65:×に気付けばゲームオーバー
「……なにがあったんですか」
「子どもの喧嘩だ」
メフィストさんの部屋に着いて、第一声目にそう言われた。眉を寄せて訝しげな表情をしている。
まあ、そう思うのも無理はない。
アマイモンとネイガウス先生は特にこれといって言及することはないが、私だけは泥まみれで血まみれだからだ。
そうだ、早く服を洗わないと。あと、手当ても。
「じゃあ、私はこれで失礼します」
「待ちなさい」
急いで部屋から離れようとしたら、メフィストさんが引き止めた。なかなかに機嫌の悪い私は、無言でメフィストさんを睨み上げる。
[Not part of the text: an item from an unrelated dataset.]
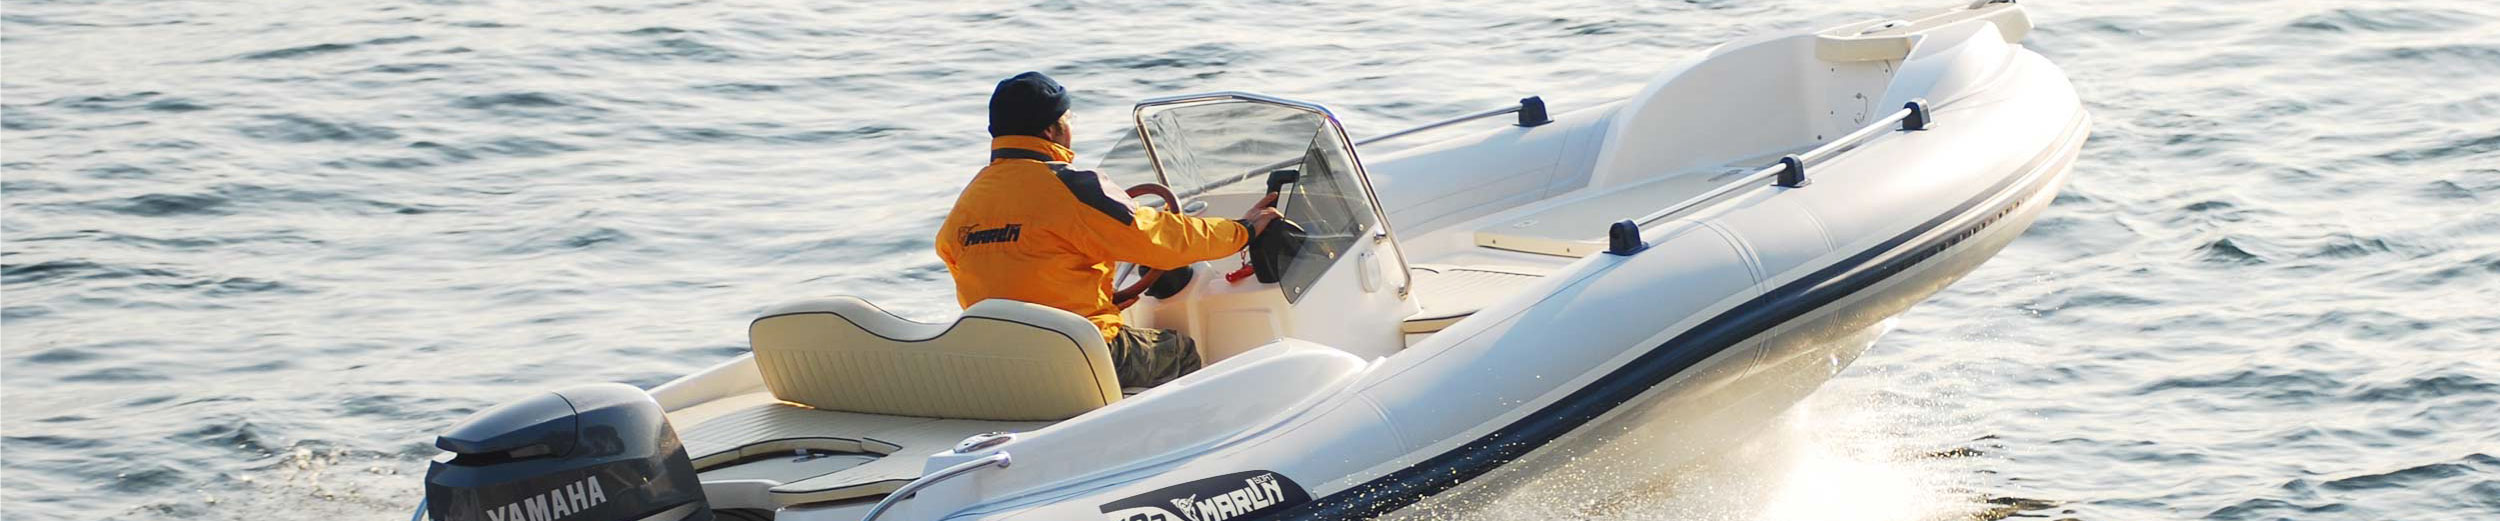 Marlin Boat - Outboard model  182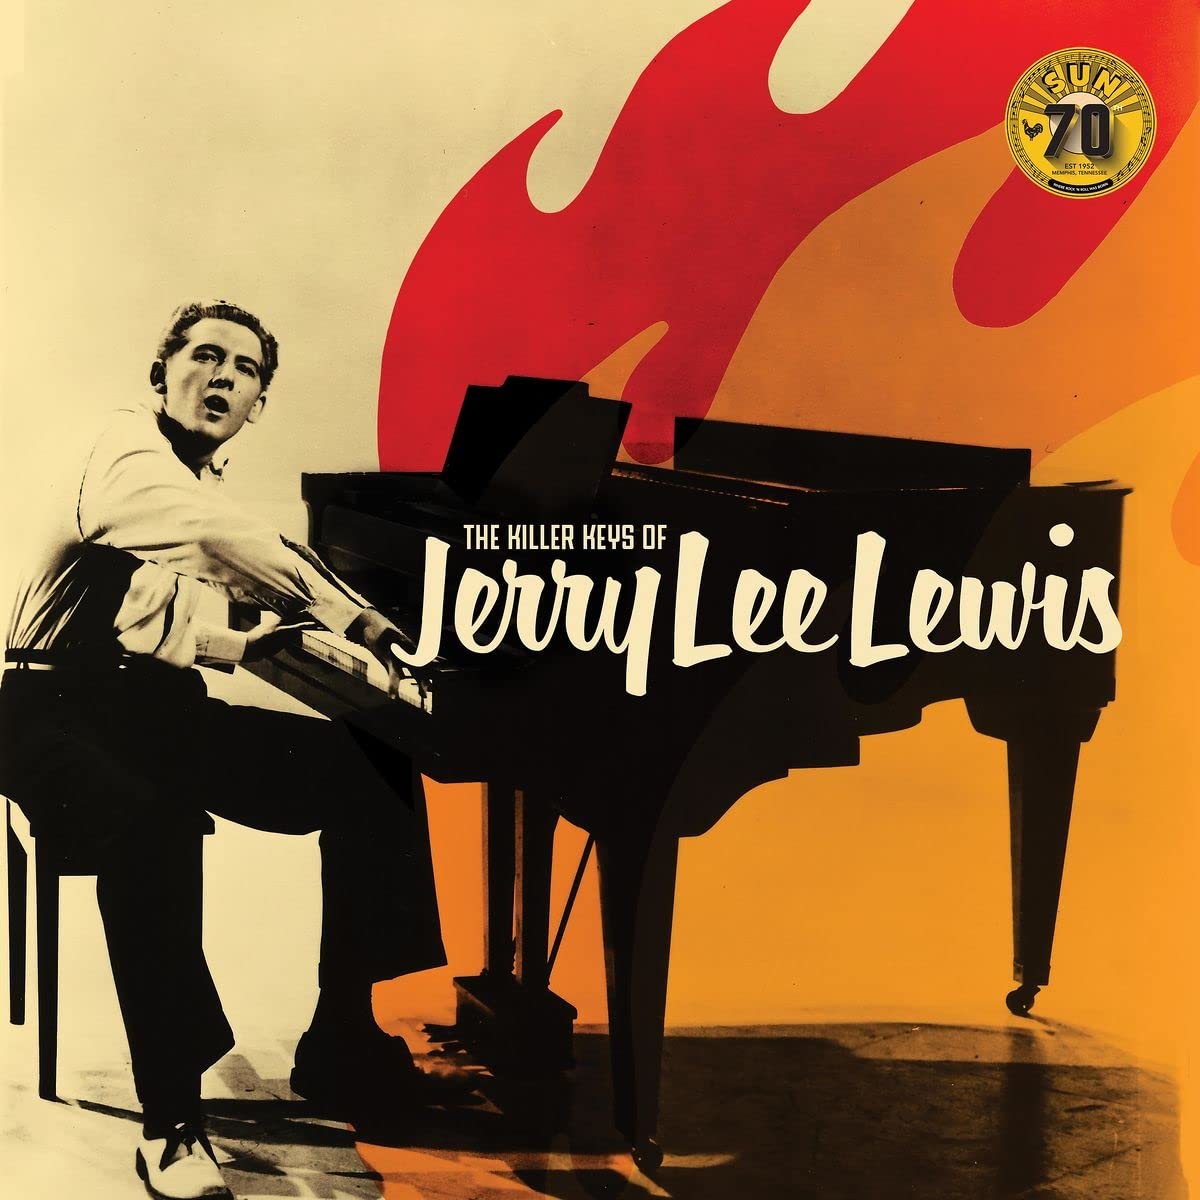 CD Shop - LEWIS JERRY LEE The Killer Keys Of Jerry Lee Lewis

わかりやすく嫌悪感をむき出しにしている私に、溜息が返された。それから、指が一度鳴らされる。
直後に現れたのは、救急セットだった。
「ネイガウス、彼女に手当てを。まひるさんは、手当てが済んだらこれを返しに来てください」
確実に返す必要のない救急セットを、押しつけるように渡してくるメフィストさん。
……おそらく私がちゃんと手当てを受けたか確認するつもりなんだろう。そんなことをしなくてもいいのに。
しかし、機嫌が悪いとはいえ聞き分けのない子どもになるつもりはない。
「……、わかりました」
その白い箱を受け取り、ネイガウス先生に連れられて部屋を出た。
ネイガウス先生とは、保健室みたいな……治療時によくいっしょにいる気がします。
首元の血をガーゼで拭いているときにそう呟くと、ネイガウス先生の手がすこしだけ止まった。それはわずかな間だった。
「俺がいなかったら死んでいたかもしれないのに、よくそんな余裕があるな」
「……死にそうになったことがないので」
「そういう問題じゃない」
「ま、まあ、ほら、ネイガウス先生のおかげで助かりましたから。あ、ありがとうございました」
「そういう問題でもない」
中途半端な笑みを返しつつ、その傷だらけの手から目を逸らした。まだ、燐くんとの一件の傷は癒えていないようで、じんわりと血がにじんでいる。
「私がしたことは大体は理不尽なことなので……、あそこで殺されてしまってもしかたのないことなんです。アマイモンが仕返しをするのは理にかなっています。だから、死んでしまっても、しかたのないことだったんです」
結局死ななかったので結果オーライです、と冗談めかしく言う。
私がアマイモンを殴るのは間違っている行為なのだ。
アマイモンはただ兄の命令に従って、私の両親を殺そうとした。命令を従順に遂行しようとしただけだ。言いかえれば私は凶器であるナイフに対して怨恨を滾らせているようなものだ。
凶器であるナイフに怨恨を滾らせているなんて、おかしな話だ。それが自我のある存在だというだけで。
そんなアマイモンに対して恨みを抱くのは、彼にとっては不本意なことだろう。
だから、私の行動は間違っている。そもそも、復讐をすること自体が、間違っているのだけれど。
「なにをされたのか知らないが、そうやって“仕返し”をしようとする考え方は辛くないのか」
「……えっ、?」
思わずことばを失った。
―――辛い?“仕返し”……復讐が?
「おまえのことはほとんど知らないが、いままでの行動を見るかぎりそうやって“仕返し”に執着するようなやつとは思えないぞ」
どきり、と心臓が跳ねる。
あ、どうしよう、だめだ、このひとは、
「辛く、なんか、ありませんよ」
絞り出すように声を紡ぐ。
それ以外なんと喋ったらいいかわからなかった。
―――まるで、自分に言い訳するようだ。
ネイガウス先生は私の表情をじっと見つめていた。
「なら、いい。手当ては済んだ。早く着替えて来い」
「……はい。ありがとうございました」
早口で礼を言い、逃げるようにその部屋から飛び出した。しばらく廊下を駆け、角を曲がってしまうと膝の力が抜けた。
へなへなとそこに座り込み、顔を両手で覆う。
「……、思い出したく、ないんだよ」
私にとって、それはいちばん恐ろしいことだった。